What this task involves:
Locate every line in the records below that contains the word "Black", and copy each one.

Dataset extract:
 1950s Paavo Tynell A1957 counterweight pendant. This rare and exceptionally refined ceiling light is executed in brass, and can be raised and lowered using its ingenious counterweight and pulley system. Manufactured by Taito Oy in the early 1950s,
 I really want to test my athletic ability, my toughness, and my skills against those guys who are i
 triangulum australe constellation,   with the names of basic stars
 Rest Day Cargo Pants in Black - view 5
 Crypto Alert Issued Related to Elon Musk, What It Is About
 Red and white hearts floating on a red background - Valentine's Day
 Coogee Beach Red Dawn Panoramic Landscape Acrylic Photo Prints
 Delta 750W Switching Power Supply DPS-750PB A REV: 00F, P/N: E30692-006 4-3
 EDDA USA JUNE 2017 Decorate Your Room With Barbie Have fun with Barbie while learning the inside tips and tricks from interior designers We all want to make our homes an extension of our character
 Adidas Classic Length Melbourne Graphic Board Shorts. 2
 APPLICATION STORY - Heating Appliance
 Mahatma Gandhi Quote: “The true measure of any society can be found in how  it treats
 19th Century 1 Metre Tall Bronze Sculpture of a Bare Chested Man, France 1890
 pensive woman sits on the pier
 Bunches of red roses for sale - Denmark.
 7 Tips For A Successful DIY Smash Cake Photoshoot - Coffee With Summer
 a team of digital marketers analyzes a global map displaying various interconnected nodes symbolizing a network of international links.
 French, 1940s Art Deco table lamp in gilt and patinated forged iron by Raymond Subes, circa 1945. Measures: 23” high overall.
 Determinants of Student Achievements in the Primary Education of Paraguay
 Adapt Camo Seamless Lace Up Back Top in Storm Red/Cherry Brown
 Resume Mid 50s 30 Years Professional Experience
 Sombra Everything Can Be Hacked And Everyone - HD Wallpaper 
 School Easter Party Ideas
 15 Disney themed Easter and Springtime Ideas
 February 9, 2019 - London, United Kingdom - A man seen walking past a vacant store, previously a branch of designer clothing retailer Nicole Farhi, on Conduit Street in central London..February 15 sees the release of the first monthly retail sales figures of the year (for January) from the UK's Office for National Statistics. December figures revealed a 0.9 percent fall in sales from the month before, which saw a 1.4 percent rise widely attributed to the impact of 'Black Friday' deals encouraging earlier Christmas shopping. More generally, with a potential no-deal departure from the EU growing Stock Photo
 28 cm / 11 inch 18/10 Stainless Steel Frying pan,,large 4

Reply to the exercise:
 Rest Day Cargo Pants in Black - view 5
 February 9, 2019 - London, United Kingdom - A man seen walking past a vacant store, previously a branch of designer clothing retailer Nicole Farhi, on Conduit Street in central London..February 15 sees the release of the first monthly retail sales figures of the year (for January) from the UK's Office for National Statistics. December figures revealed a 0.9 percent fall in sales from the month before, which saw a 1.4 percent rise widely attributed to the impact of 'Black Friday' deals encouraging earlier Christmas shopping. More generally, with a potential no-deal departure from the EU growing Stock Photo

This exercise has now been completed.